Use Google Search API

Add a web search to your pipelines using Google Search API.

You can add a search engine that uses Google's Search API to your pipelines.

Prerequisites

You need an API key from Google Search API.

Use Search API

First, connect deepset AI Platform to SearchApi through the Integrations page. You can do so for a single workspace or for the whole organization:

Add Workspace-Level Integration

  1. Click your profile icon and choose Settings.
  2. Go to Workspace>Integrations.
  3. Find the provider you want to connect and click Connect next to them.
  4. Enter the API key and any other required details.
  5. Click Connect. You can use this integration in pipelines and indexes in the current workspace.

Add Organization-Level Integration

  1. Click your profile icon and choose Settings.
  2. Go to Organization>Integrations.
  3. Find the provider you want to connect and click Connect next to them.
  4. Enter the API key and any other required details.
  5. Click Connect. You can use this integration in pipelines and indexes in all workspaces in the current organization.

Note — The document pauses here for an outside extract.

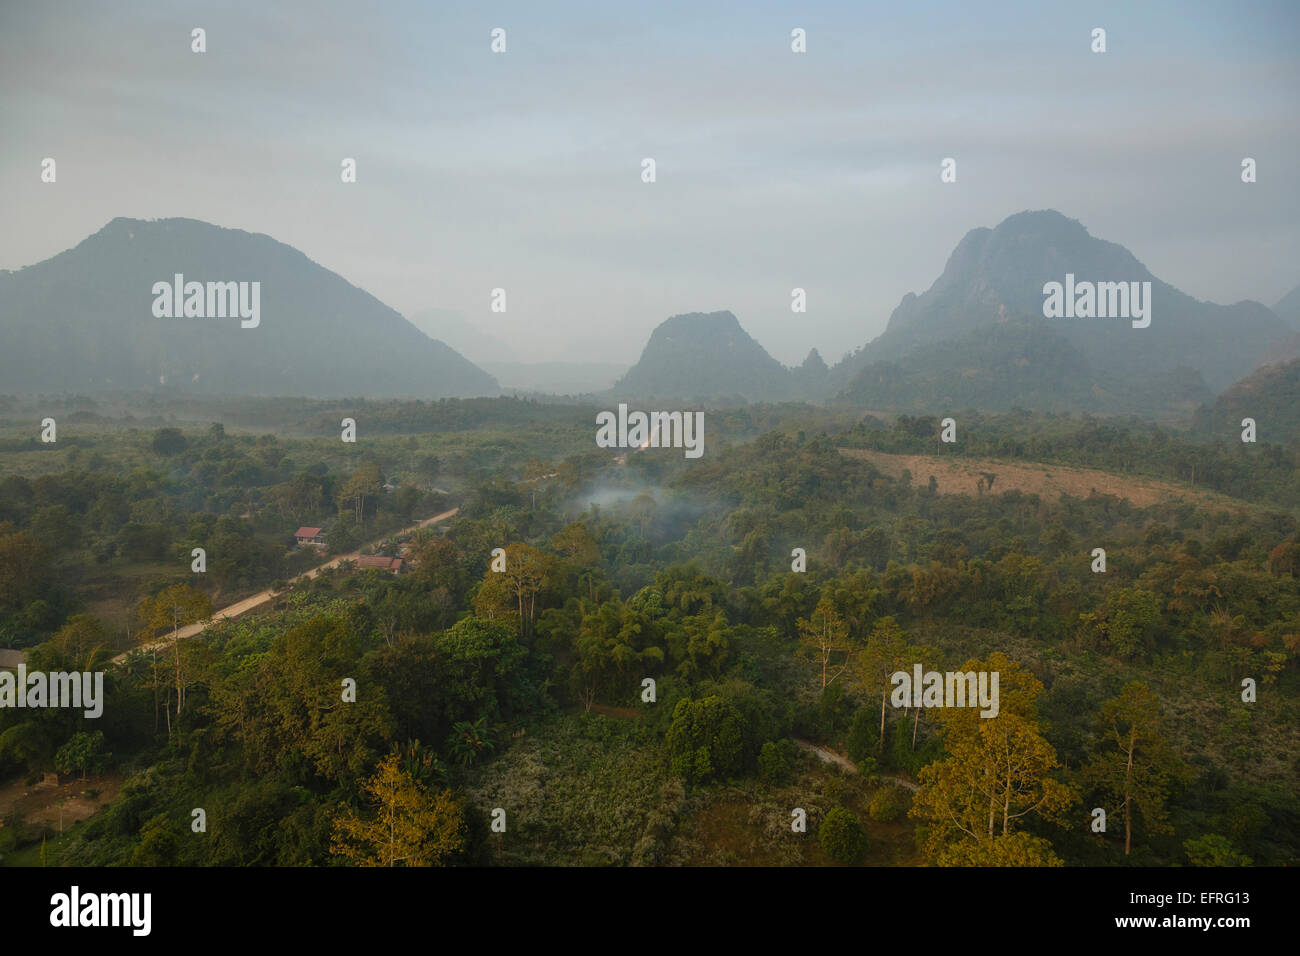 Vista aérea de los alrededores de Vang Vieng, en Laos. Foto de stock

For details, see Add Integrations.

Then, add the SearchApiWebSearch component to your pipeline. This component uses page snippets to find relevant pages and returns a list of URLs. It's typically used before a LinkContentFecther or Converters.

Usage Examples

This is an example of a pipeline that uses SearchApi:

components:
...
    web_retriever:
      type: haystack.components.websearch.searchapi.SearchApiWebSearch
      init_parameters:
       top_k: 20
    
    link_fetcher:
      type: haystack.components.fetchers.link_content.LinkContentFetcher
      init_parameters: {} # we're leaving the default value parameters        

    html_converter:
      type: haystack.components.converters.html.HTMLToDocument
      init_parameters:
        # A dictionary of keyword arguments to customize how you want to extract content from your HTML files.
        # For the full list of available arguments, see
        # the [Trafilatura documentation](https://trafilatura.readthedocs.io/en/latest/corefunctions.html#extract).
        extraction_kwargs:
          output_format: txt  # Extract text from HTML. You can also also choose "markdown"
          target_language: null  # You can define a language (using the ISO 639-1 format) to discard documents that don't match that language.
          include_tables: true  # If true, includes tables in the output
          include_links: false  # If true, keeps links along with their targets
          ...
 
connections:
...
- sender: web_retriever.links
- receiver: link_fetcher.urls
- sender: link_fetcher.urls
- receiver: html_converter.sources
...

inputs:
  query: 
  - "web_retriever.query"
  ...